In one embodiment, the computer device determines the lengths of each candidate data corresponding to the index space based on the expected data length. The candidate data length refers to the length of each candidate space data corresponding to the index space. The maximum addressing range corresponding to the candidate data length is greater than the expected data length, and the maximum value of the candidate data length is 8 bytes. In order to improve resource utilization, the minimum value of each candidate data length is used as the space data length. For example, when the expected data length is ²³⁰ bytes, the lengths of each candidate data corresponding to the index space are 4 bytes, 5 bytes, 6 bytes, 7 bytes and 8 bytes, respectively, and the space data length is set to 4 bytes; when the expected data length is ²⁵⁰ bytes, the lengths of each candidate data corresponding to the index space are 7 bytes and 8 bytes, respectively, and the space data length is set to 7 bytes.

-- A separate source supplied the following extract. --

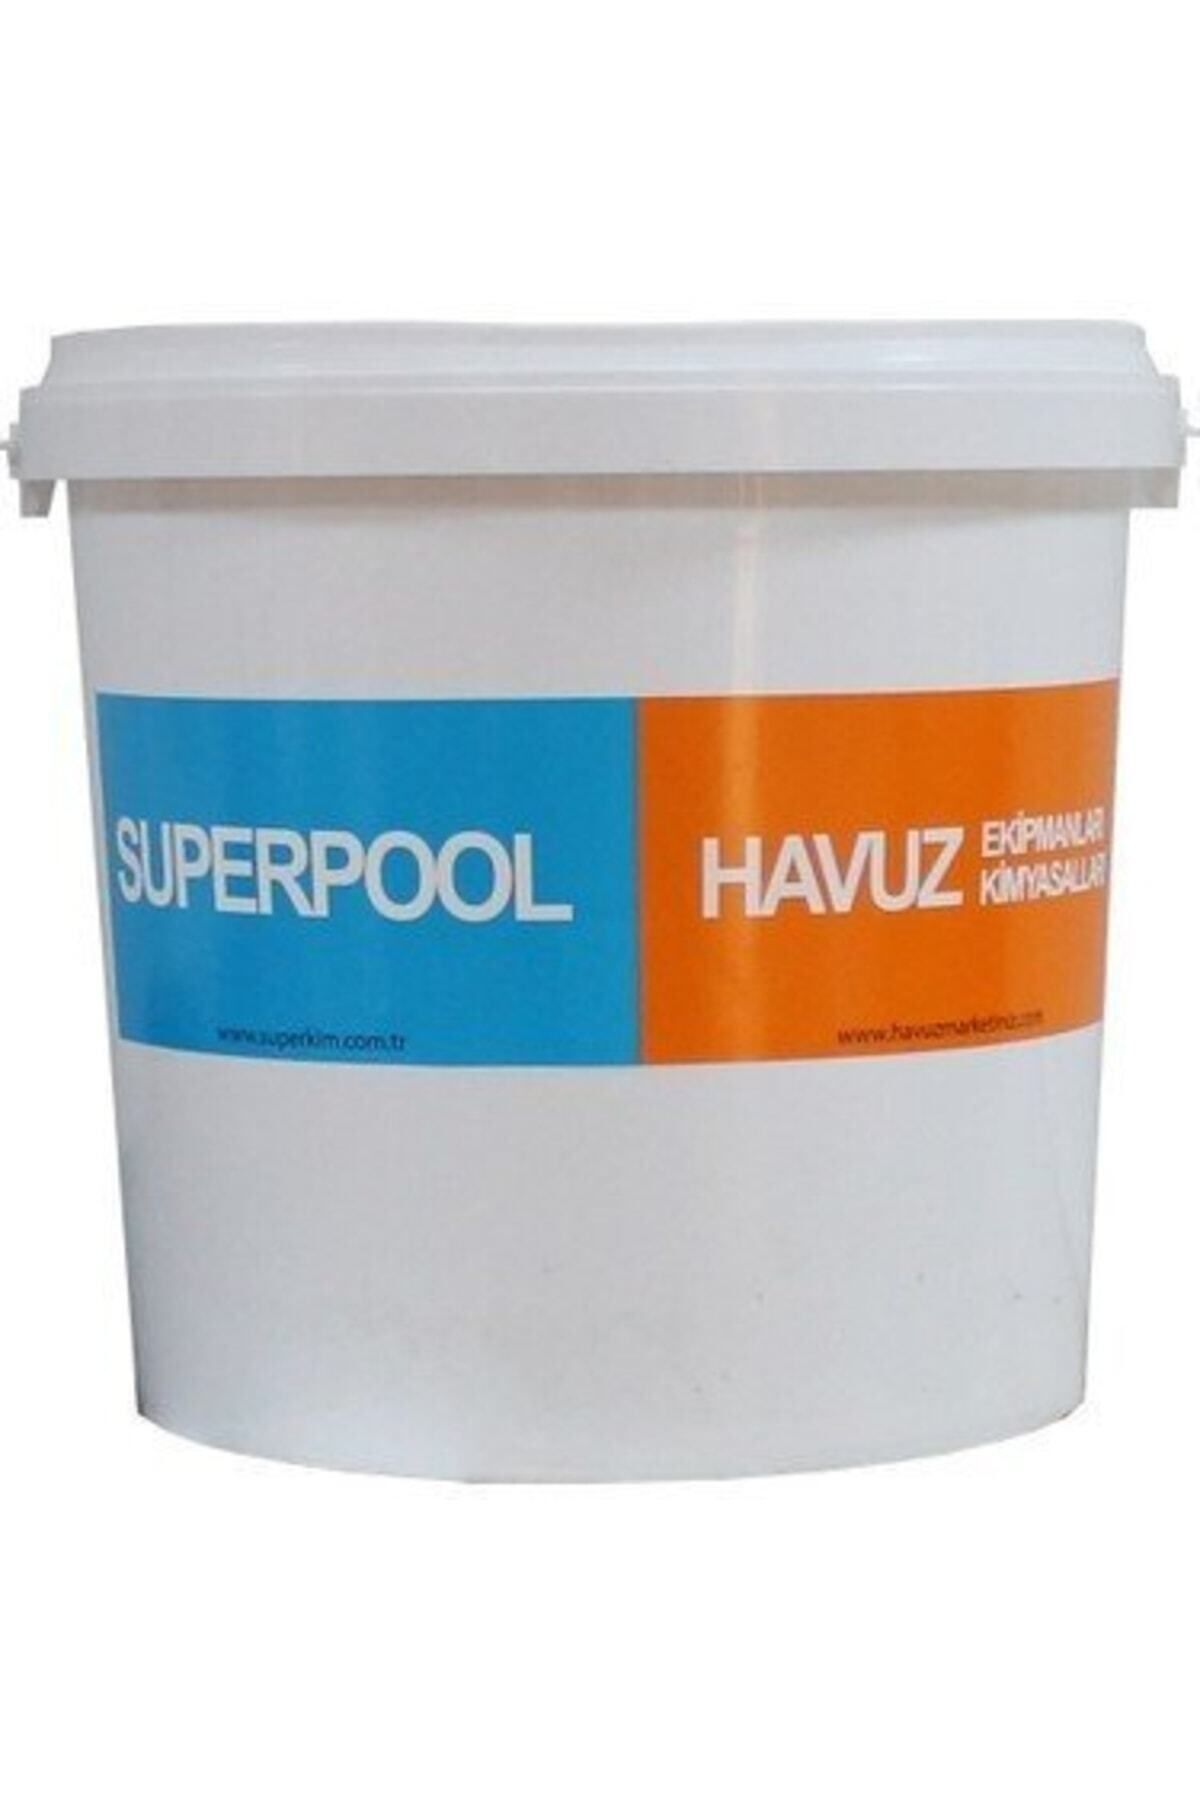 SPP SUPERPOOL Superplus 25 Kg (ph Yükseltici)

In one embodiment, the spatial data length corresponding to the target business data can be set manually. Specifically, the spatial data length required for the target business data is determined by judging the business type to which the target business data belongs. For example, when the maximum value of the storage space size required for the business type to which the target business data belongs is less than 2 ³¹ -1 bytes, the spatial data length corresponding to the target business data can be set to 4 bytes manually; when the maximum value of the storage space size required for the business type to which the target business data belongs is greater than 2 ³¹ -1 bytes, the spatial data length corresponding to the target business data can be set to 8 bytes manually; and so on.

In the above embodiment, the expected data length corresponding to the target business data is determined by counting the data lengths corresponding to each sub-business data, and the spatial data length corresponding to the index space is determined based on the expected data length, which can effectively save the storage resources of computer equipment and improve resource utilization.

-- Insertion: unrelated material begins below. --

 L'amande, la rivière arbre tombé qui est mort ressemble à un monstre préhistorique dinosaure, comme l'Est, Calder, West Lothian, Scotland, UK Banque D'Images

In one embodiment, as shown in FIG3 , determining the spatial data length based on the expected data length includes:

Step S302, performing binary conversion on the estimated data length to obtain a conversion result, and obtaining an initial data length based on the conversion result.

Step S304, obtaining a reference data length, and determining an extended length range based on the reference data length and the initial data length.

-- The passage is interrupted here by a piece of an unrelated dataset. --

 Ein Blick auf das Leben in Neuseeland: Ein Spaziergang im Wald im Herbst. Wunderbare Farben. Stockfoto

Step S306: Count the sub-business data whose statistical data length is within the extended length range in the sub-business data corresponding to the target business data, and obtain the extended sub-data volume.

Step S308: Count the sub-business data included in the target business data to obtain the target sub-data volume.

Step S310, when the ratio between the expanded sub-data volume and the target sub-data volume is greater than a preset ratio, the initial data length is updated based on the reference data length to obtain the spatial data length.

The conversion result refers to the result obtained by converting the expected data length into binary.

The initial data length refers to the initial spatial data length corresponding to the index space determined based on the expected data length. The reference data length refers to the data length used to expand the initial data length. The reference data length is greater than or equal to the initial data length. For example, the reference data length can usually be set to 8 bytes. The extended length range refers to the initial data length. The data length range is determined by the initial data length and the reference data length. The initial data length is the lower limit of the extended length range, the reference data length is the upper limit of the extended length range, and the extended length range includes the reference data length. For example, when the initial data length is 2 bytes and the reference data length is 4 bytes, the extended length range is (2,4]. The extended sub-data volume refers to the number of sub-business data whose data length is within the extended length range. The target sub-data volume refers to the number of sub-business data contained in the target business data.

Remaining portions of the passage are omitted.